:: ACTIVITY ::
Under this line sits a listing. Repeat exactly and only its lines from the one holding "Log in Wooded" through the one holding "Knee ligaments and bones"; skip pictures.

:: EXCERPTED RECORDS ::
※ ※ ※

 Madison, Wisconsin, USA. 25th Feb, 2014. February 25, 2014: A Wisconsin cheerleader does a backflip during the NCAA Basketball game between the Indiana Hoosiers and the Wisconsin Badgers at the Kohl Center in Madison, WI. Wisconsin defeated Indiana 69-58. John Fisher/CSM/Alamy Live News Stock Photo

※ ※ ※

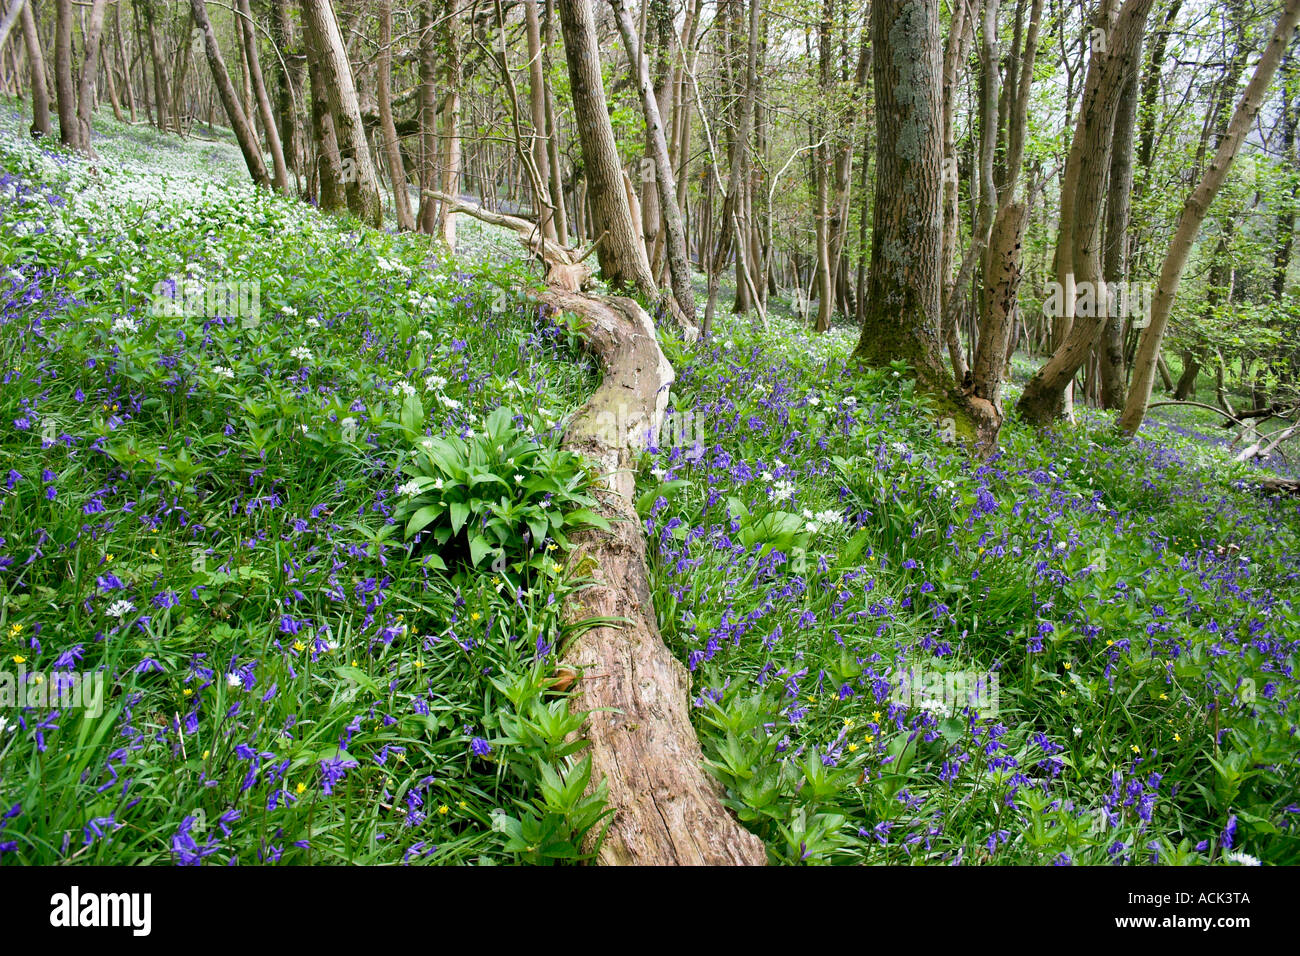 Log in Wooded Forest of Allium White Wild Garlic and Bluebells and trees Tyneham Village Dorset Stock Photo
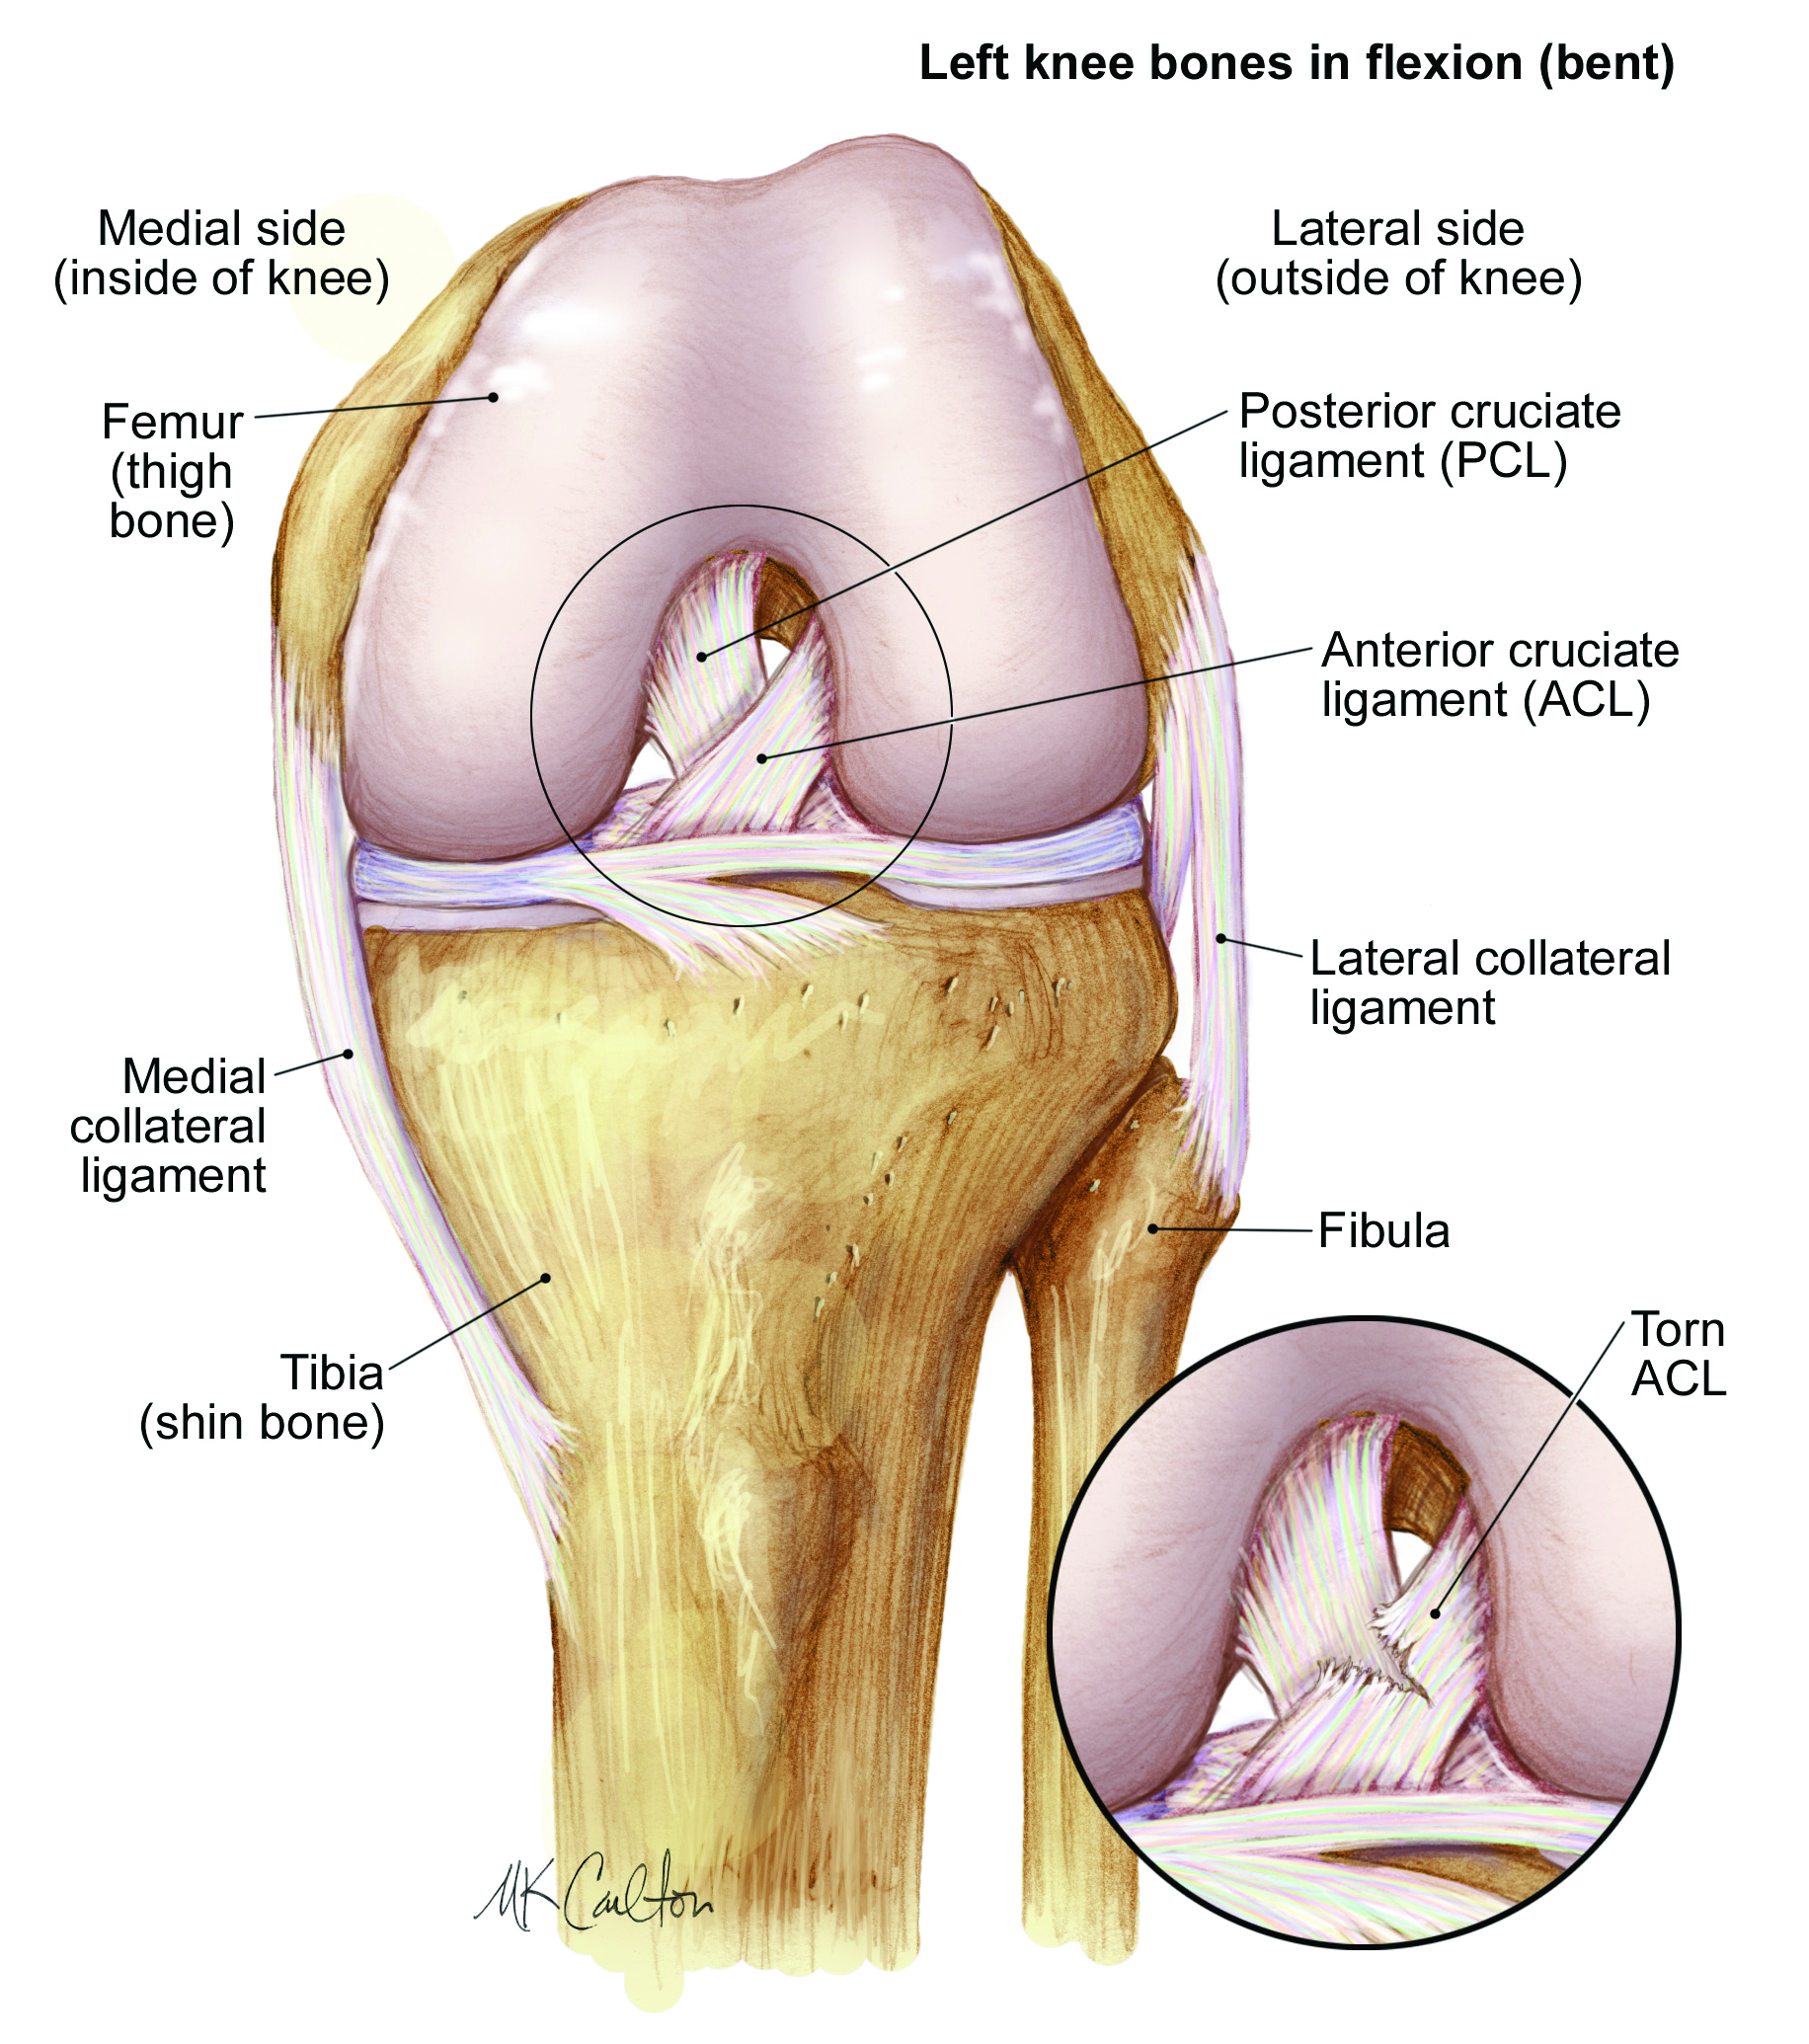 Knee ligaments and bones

※ ※ ※

:: THE ANSWER ::
 Log in Wooded Forest of Allium White Wild Garlic and Bluebells and trees Tyneham Village Dorset Stock Photo
 Knee ligaments and bones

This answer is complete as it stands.